** Opening Records shown block **

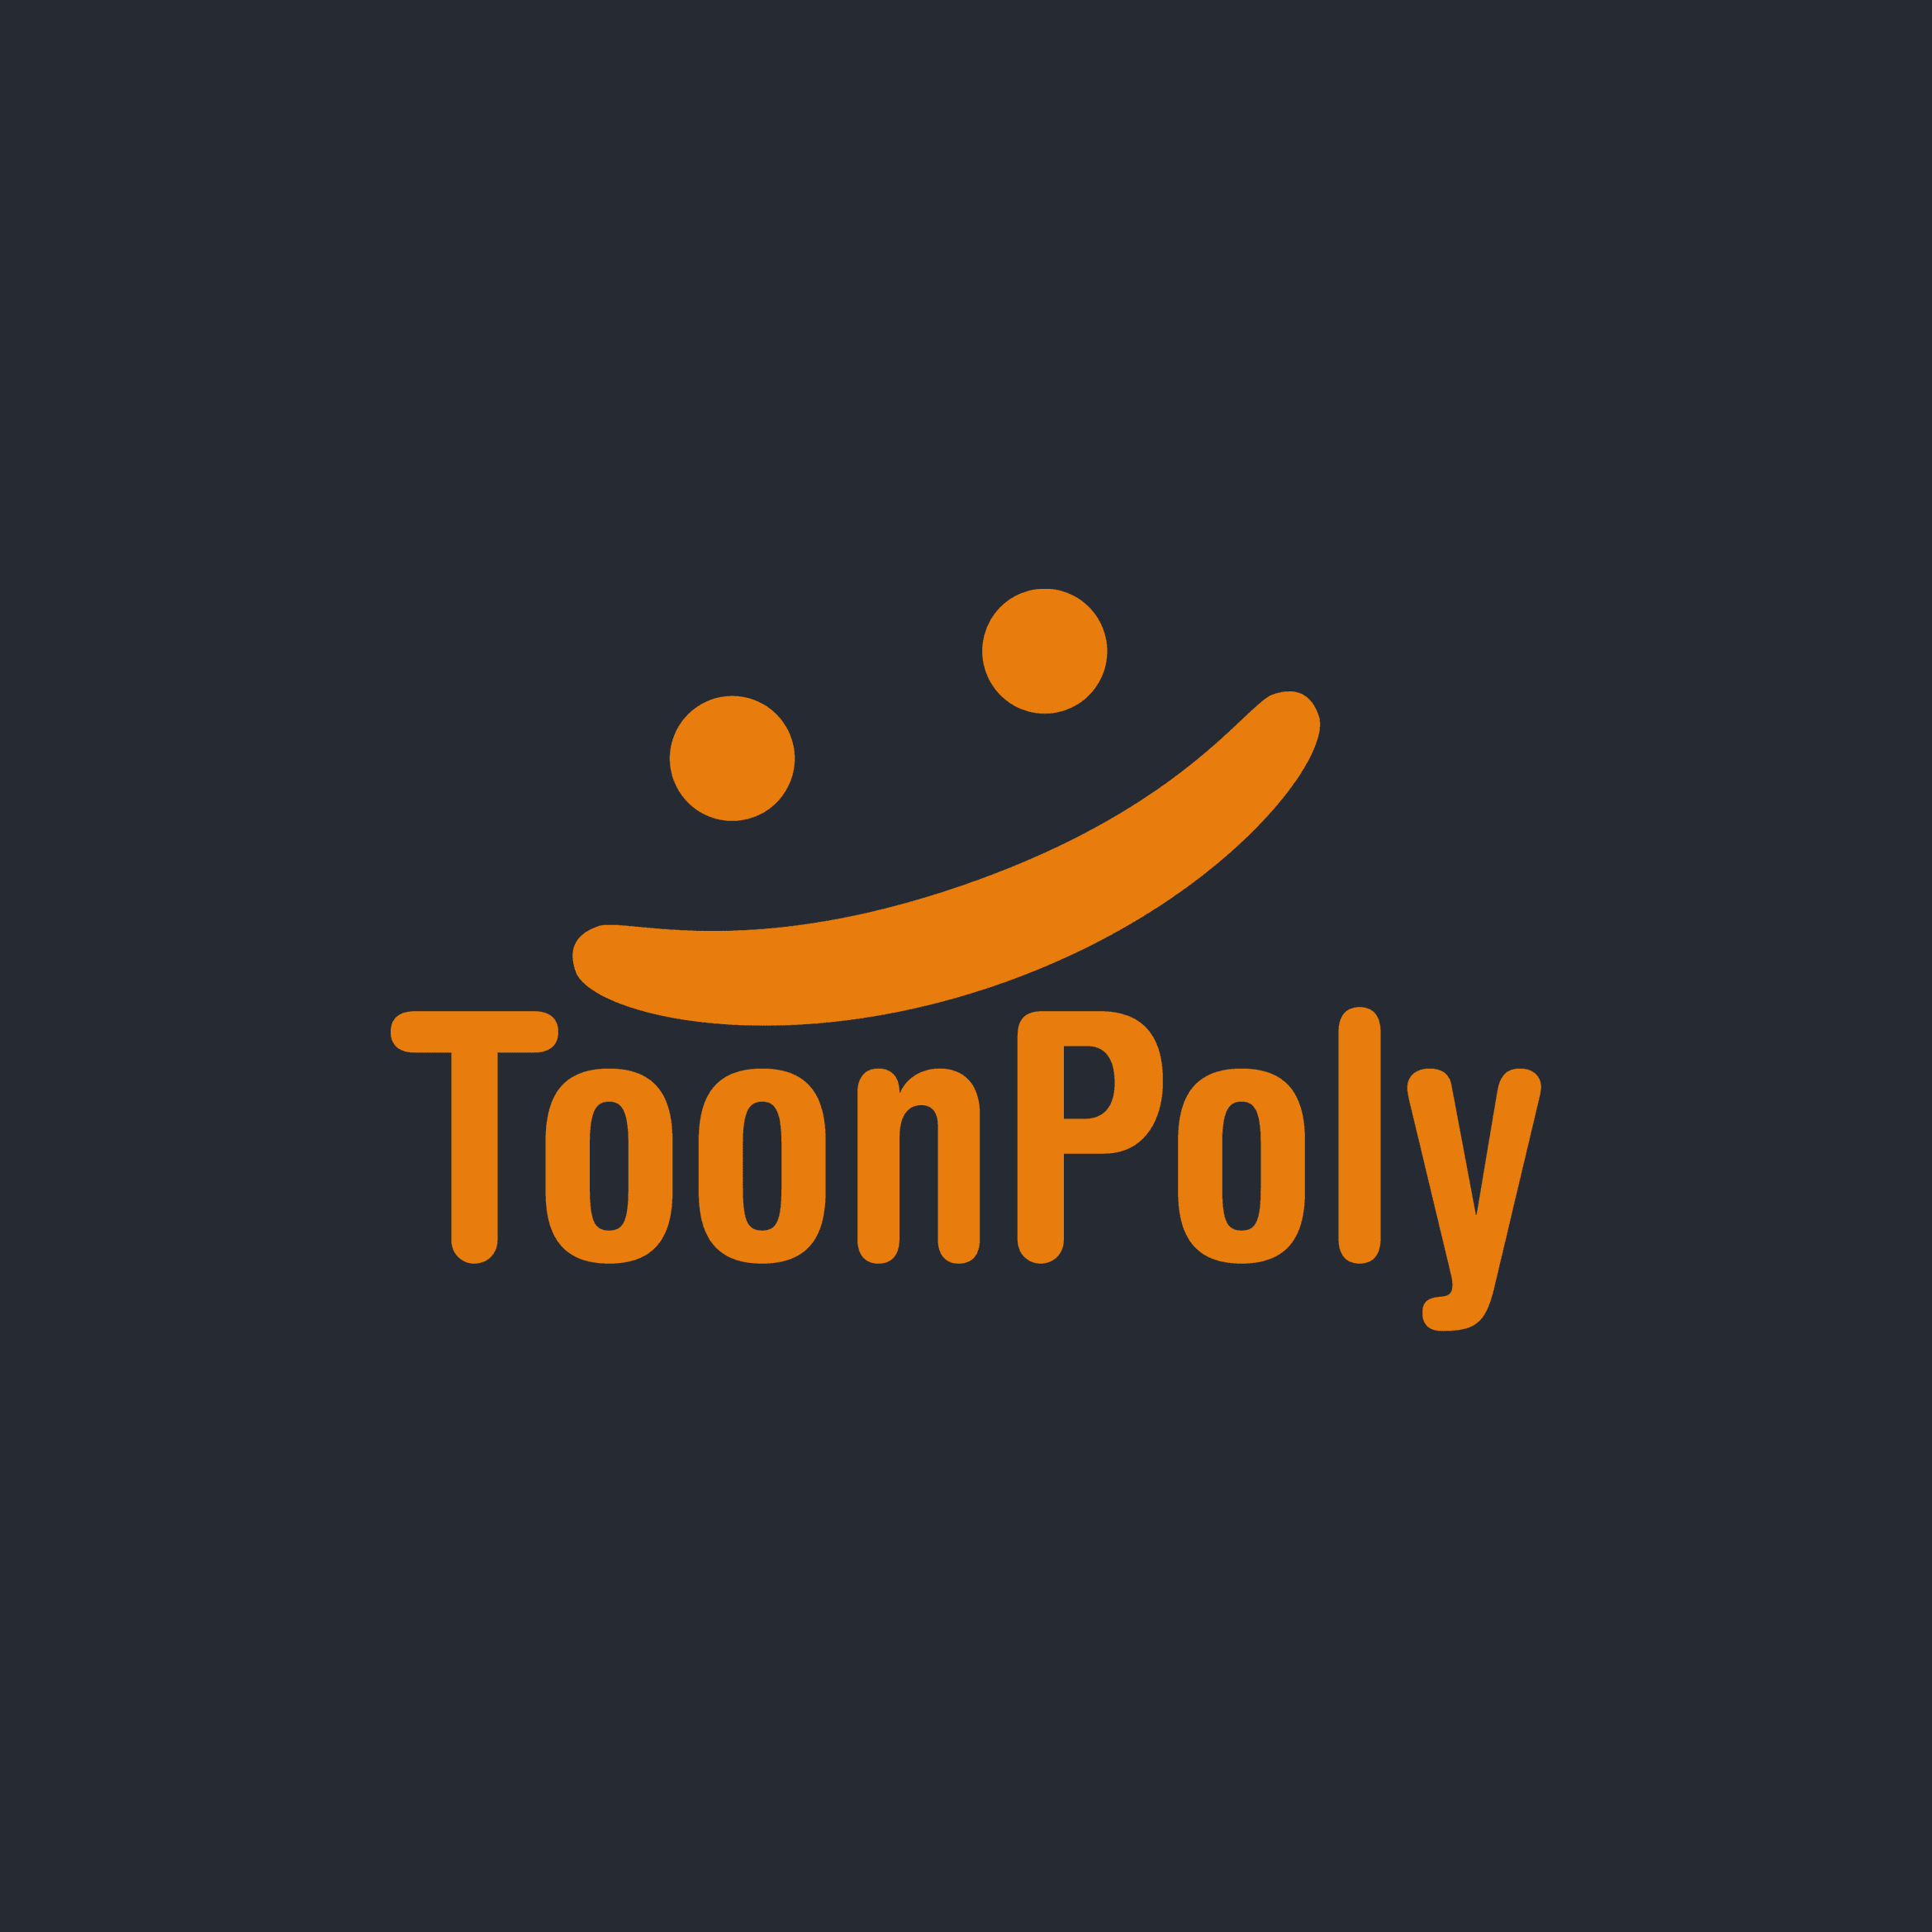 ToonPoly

** Closing Records shown block **
** Opening Records shown block **

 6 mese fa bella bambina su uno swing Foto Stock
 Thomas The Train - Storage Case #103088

** Closing Records shown block **
** Opening Records shown block **

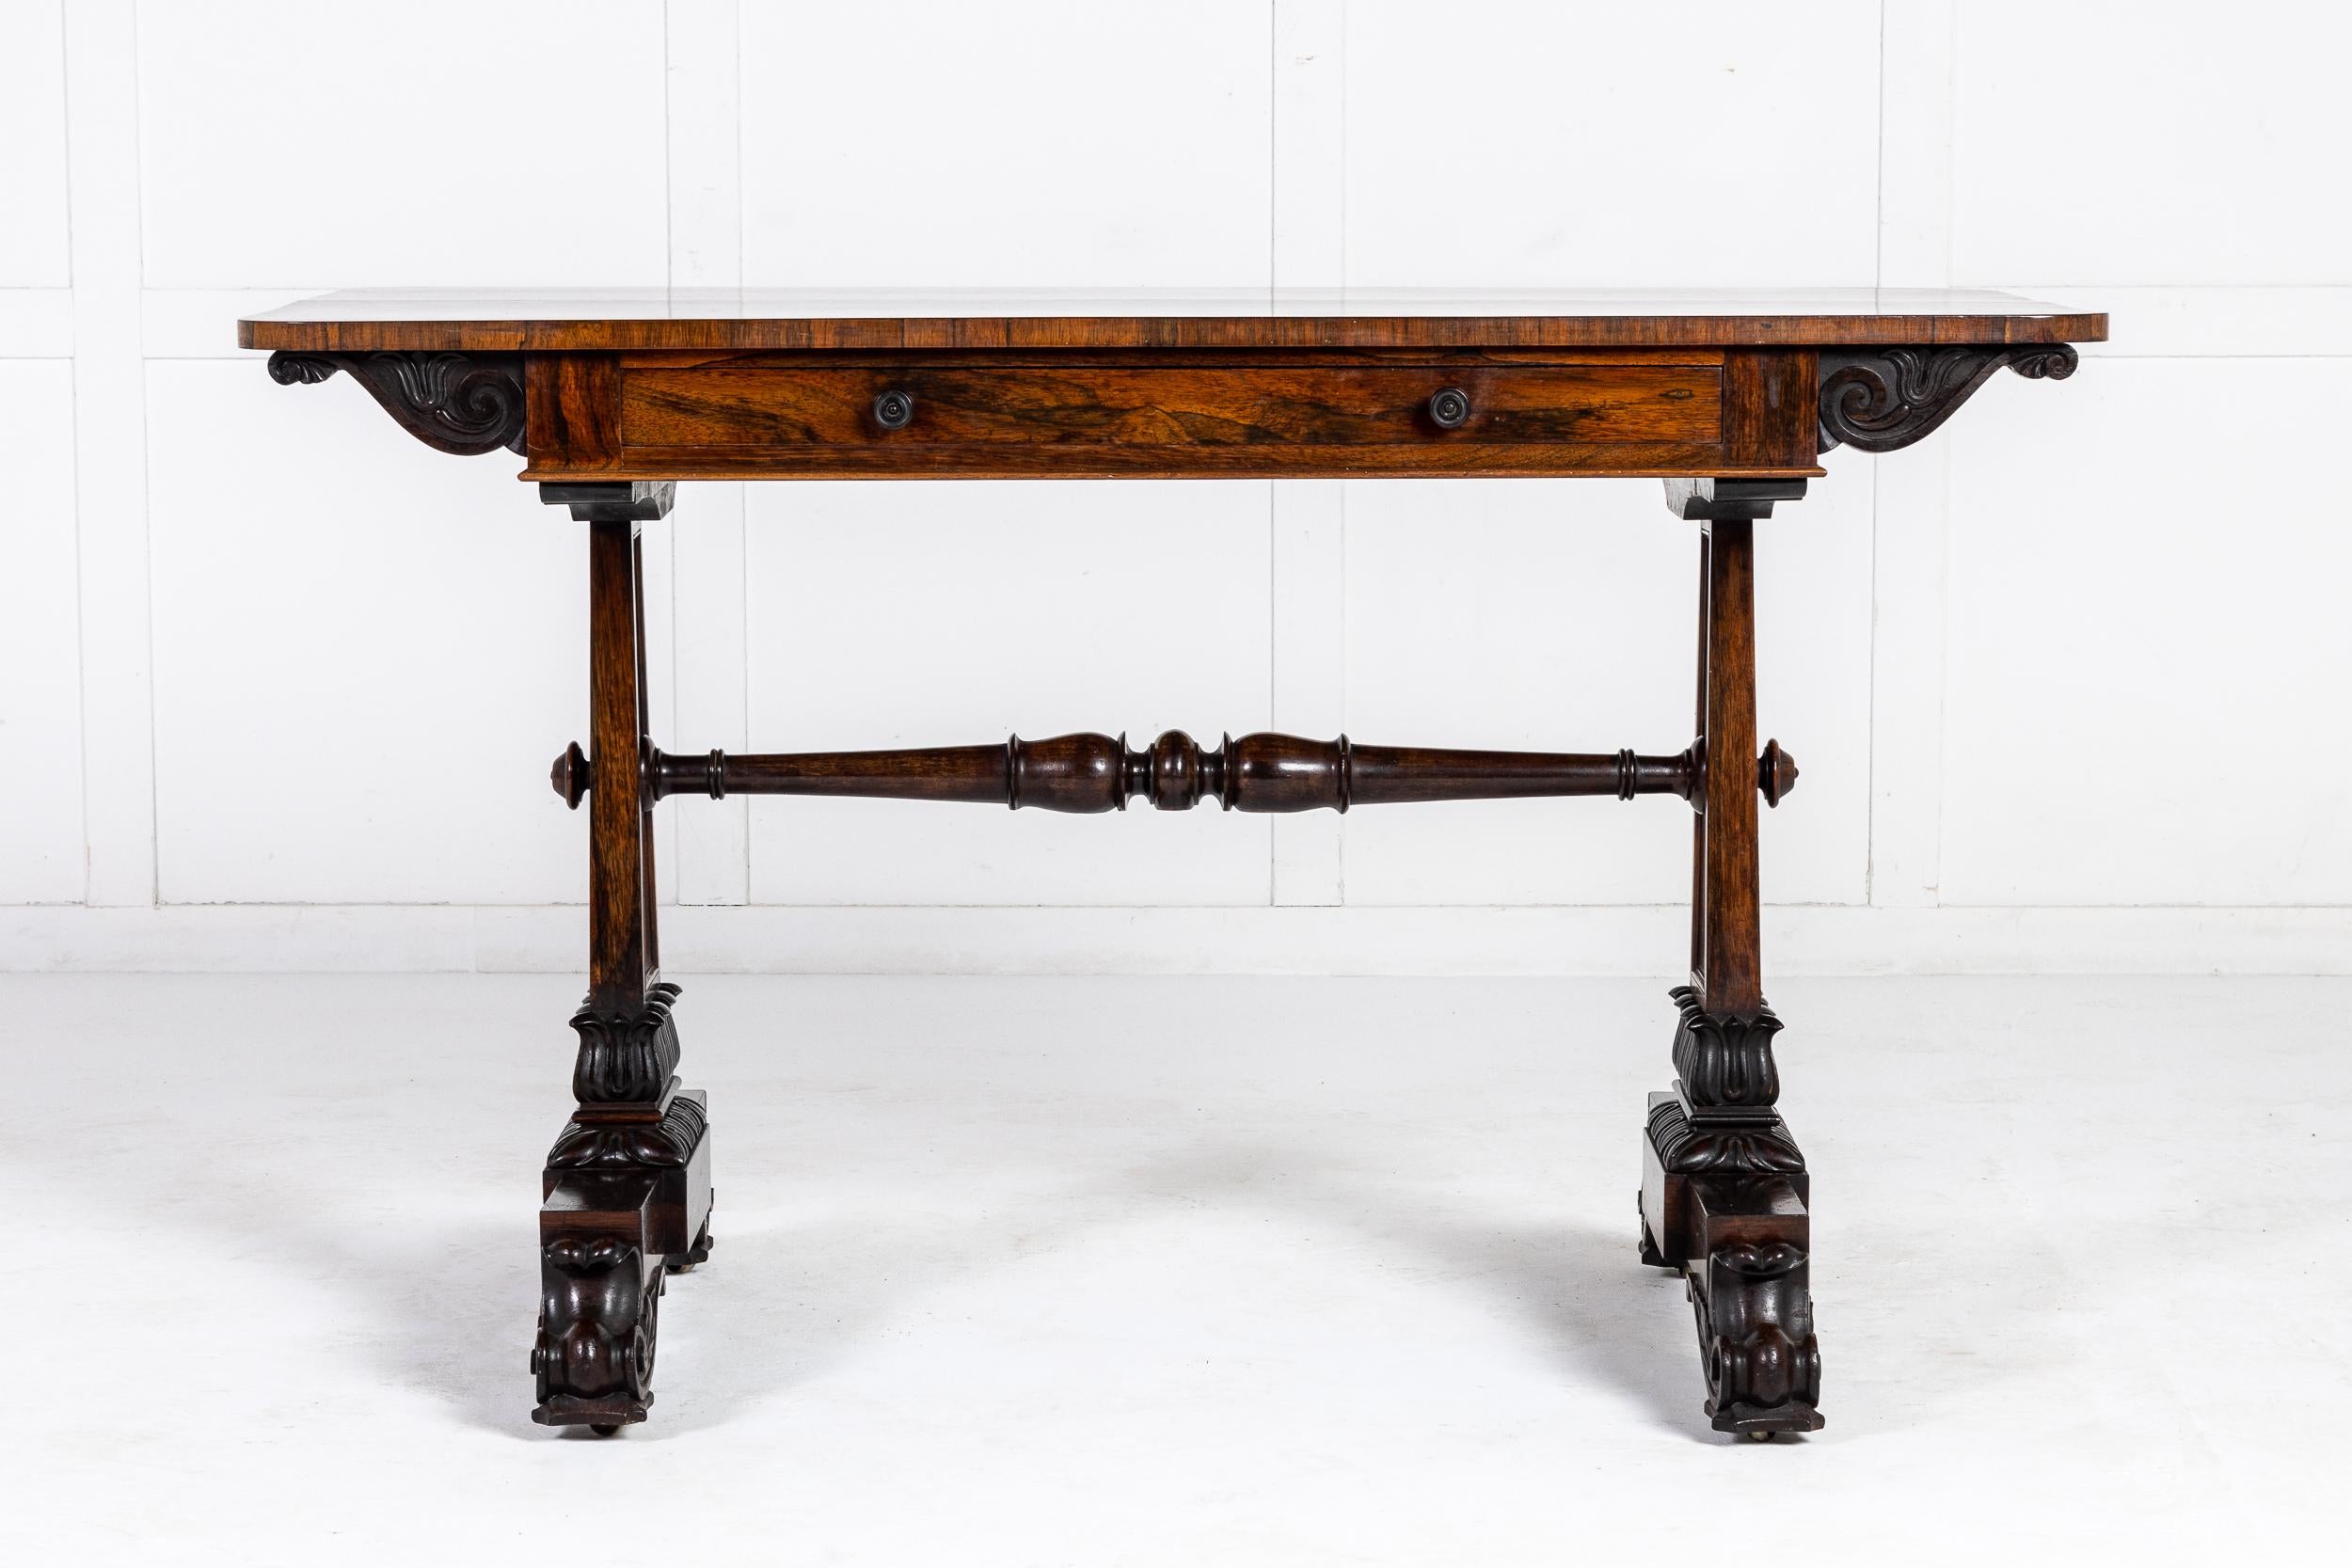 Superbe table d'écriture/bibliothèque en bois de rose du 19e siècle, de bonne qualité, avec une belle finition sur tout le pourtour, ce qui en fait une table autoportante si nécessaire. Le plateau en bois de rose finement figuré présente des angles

** Closing Records shown block **

Try it: Reproduce exactly, and only, the part of the listing above that begins at the line with "6 mese fa bella" and goes on through the line with "Thomas The Train - Storage Case #103088".

Response box:
 6 mese fa bella bambina su uno swing Foto Stock
 Thomas The Train - Storage Case #103088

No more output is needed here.